Owing to redevelopment, Newmarket has lost many of its buildings of historical significance.

- Highwic circa 1863, Gillies Avenue, old homestead of Alfred Buckland; extant & open to the public - has been called one of Auckland's most notable historic houses, built in the Carpenter Gothic style from an American pattern book.
- Junction Hotel 1850s Cnr of Broadway, Great South & Manukau Roads demolished.
- Newmarket Hotel 1850s, rebuilt 1920s Cnr Broadway & Morrow St demolished.
- St Georges Hotel 1880s Broadway opposite Khyber Pass demolished.
- Carlton Club 1890s corner of Broadway & Khyber Pass Road extant.
- Former Newmarket Manual Training School 1903, Seccombes Rd, moved to this site from Mortimer Pass Road in 1925.
- Captain Cook Brewery, 1870s - 1920s Khyber Pass road, demolished.
- Newmarket Borough Council Chambers 1920s Broadway demolished.
- Former Post Office, 1910, Broadway, John Campbell, altered.
- Rialto Picture Theatre 1920s Broadway, Keith Draffin architect, altered.
- St Peter's College and Christian Brothers House, 1939–1944, William Henry Gummer, architect, extant.
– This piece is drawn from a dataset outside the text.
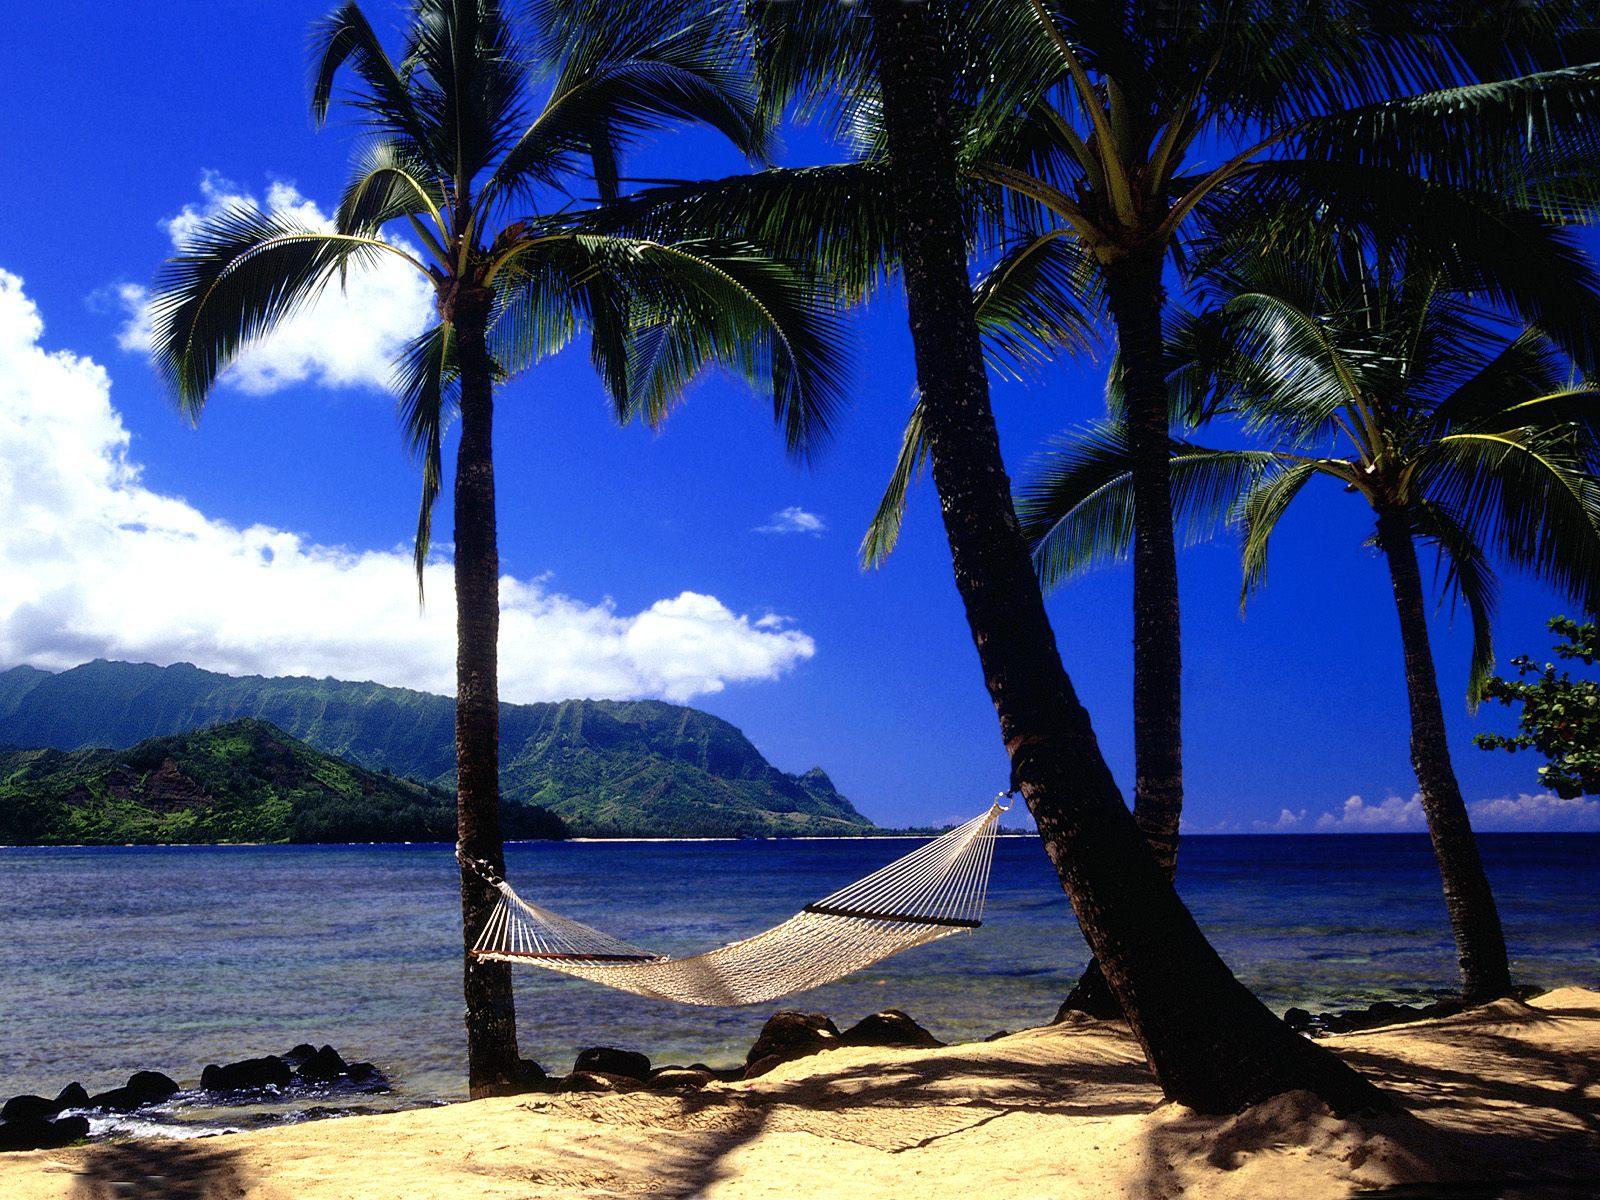 Kauai Hawaii: Travel Trip Journey : Kauai Hawaii

- Former Auckland Electric Power Board Building 1949 Remuera Road, Lew Piper architect. The top floor by J.I. Van Pels, was added in 1964. extant.
- Newmarket Train Station building, 1908, George Troup architect. extant but now refurbished and relocated to the platform at Parnell station.
- Former Jubilee Institute for the Blind, 1907 Edward Bartley architect, Parnell Road, now Parnell Public Library.
- Olympic Swimming Pool 1939, N.F Alcock borough engineer, Parnell Road. heavily altered, now covered by a cinema and car park.